### TASK DATA
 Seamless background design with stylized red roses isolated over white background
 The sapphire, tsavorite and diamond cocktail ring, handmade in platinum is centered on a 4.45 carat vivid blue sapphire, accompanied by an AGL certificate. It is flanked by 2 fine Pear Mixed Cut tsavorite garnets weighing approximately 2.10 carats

--

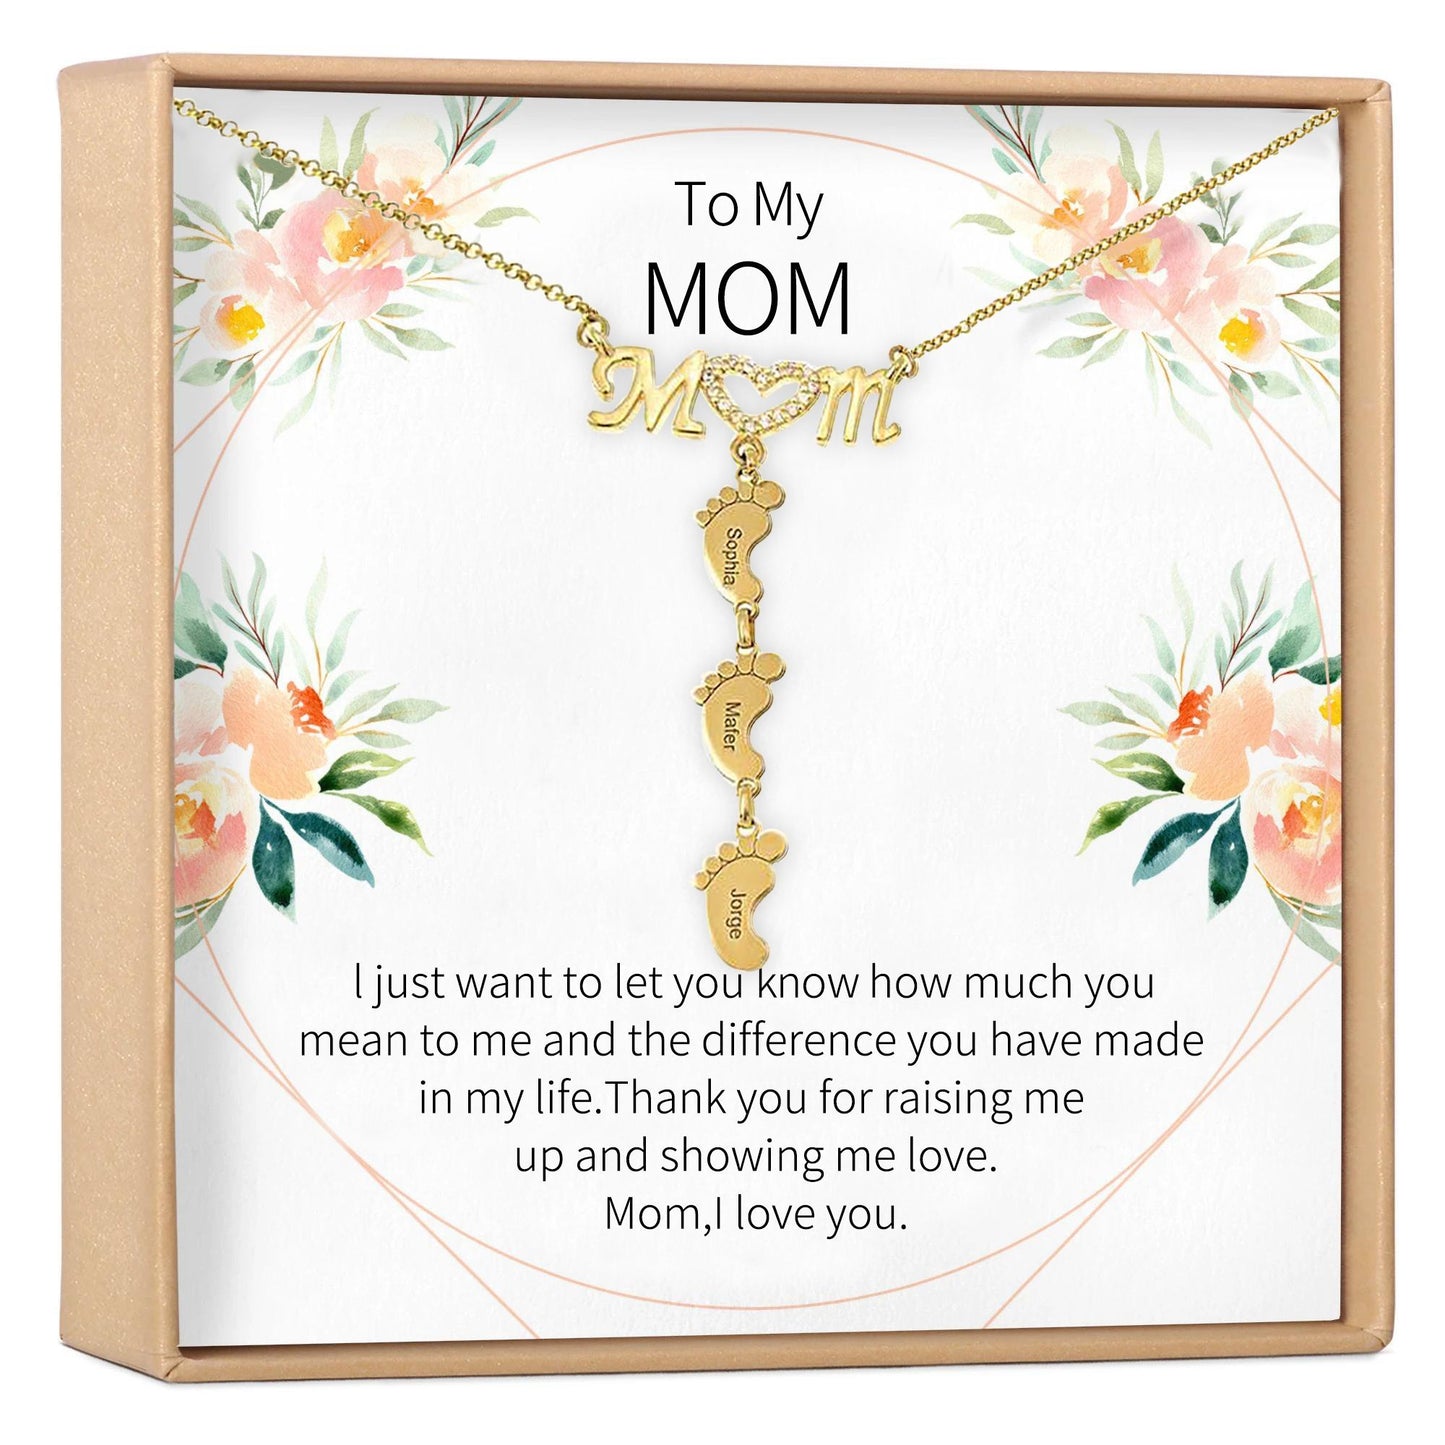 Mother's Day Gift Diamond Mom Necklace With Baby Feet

* * *

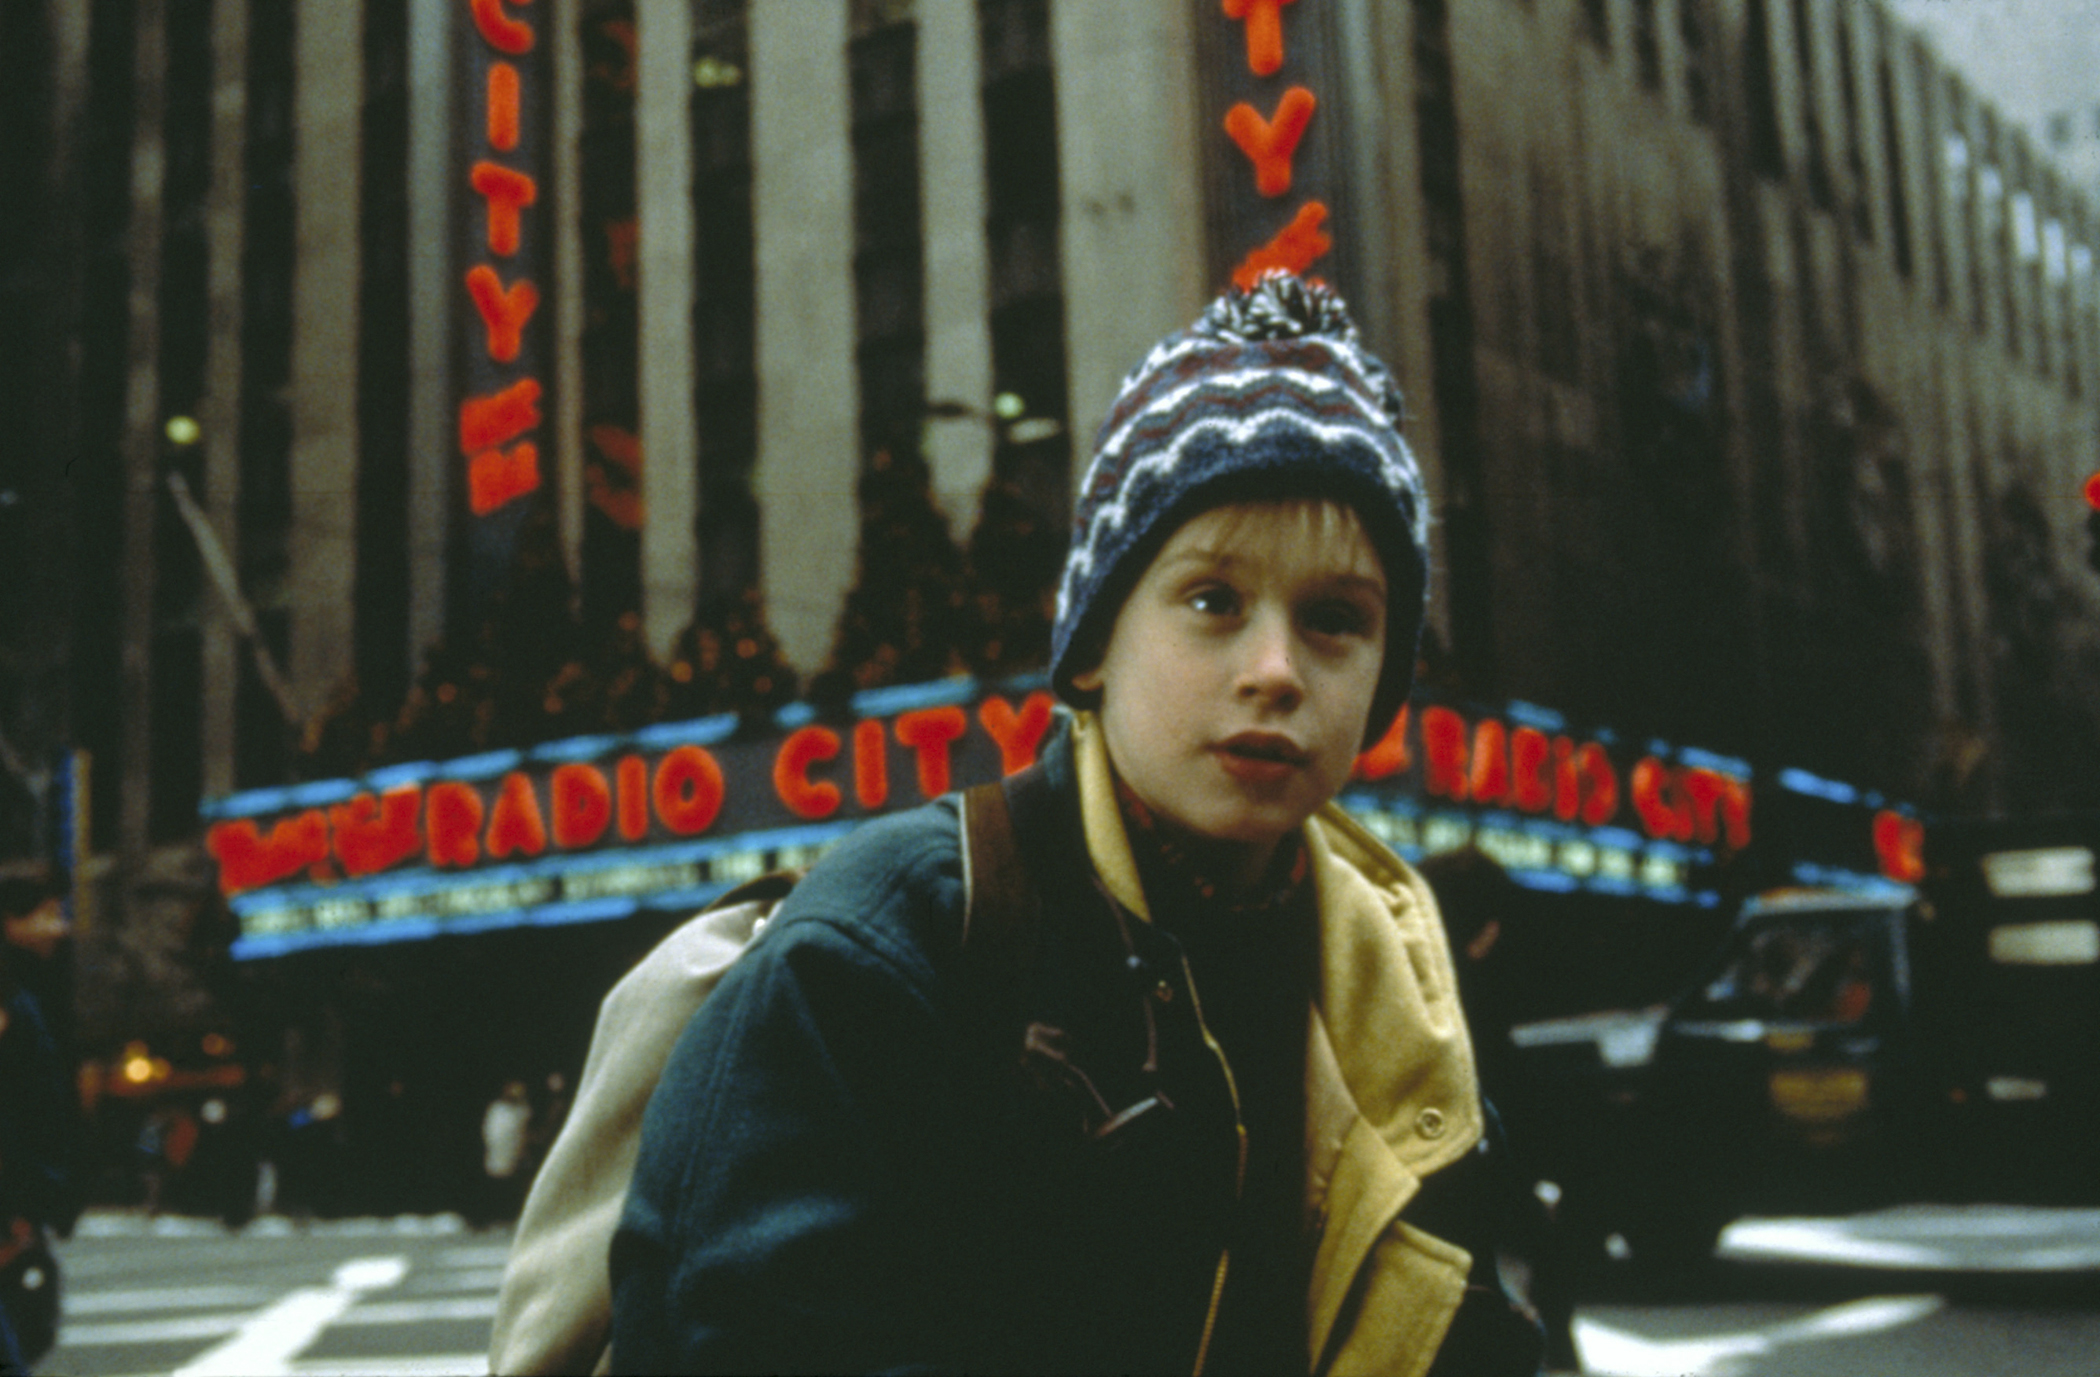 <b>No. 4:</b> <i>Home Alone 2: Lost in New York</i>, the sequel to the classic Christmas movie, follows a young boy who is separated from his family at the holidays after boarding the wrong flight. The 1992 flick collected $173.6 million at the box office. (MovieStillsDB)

### ABOUT THIS EXERCISE
Where the listing above reaches the line that contains "Seamless background design", start retyping, and finish with the line that contains "The sapphire, tsavorite"; reproduce those lines exactly and no others.

### OUTPUT OF THE EXERCISE
 Seamless background design with stylized red roses isolated over white background
 The sapphire, tsavorite and diamond cocktail ring, handmade in platinum is centered on a 4.45 carat vivid blue sapphire, accompanied by an AGL certificate. It is flanked by 2 fine Pear Mixed Cut tsavorite garnets weighing approximately 2.10 carats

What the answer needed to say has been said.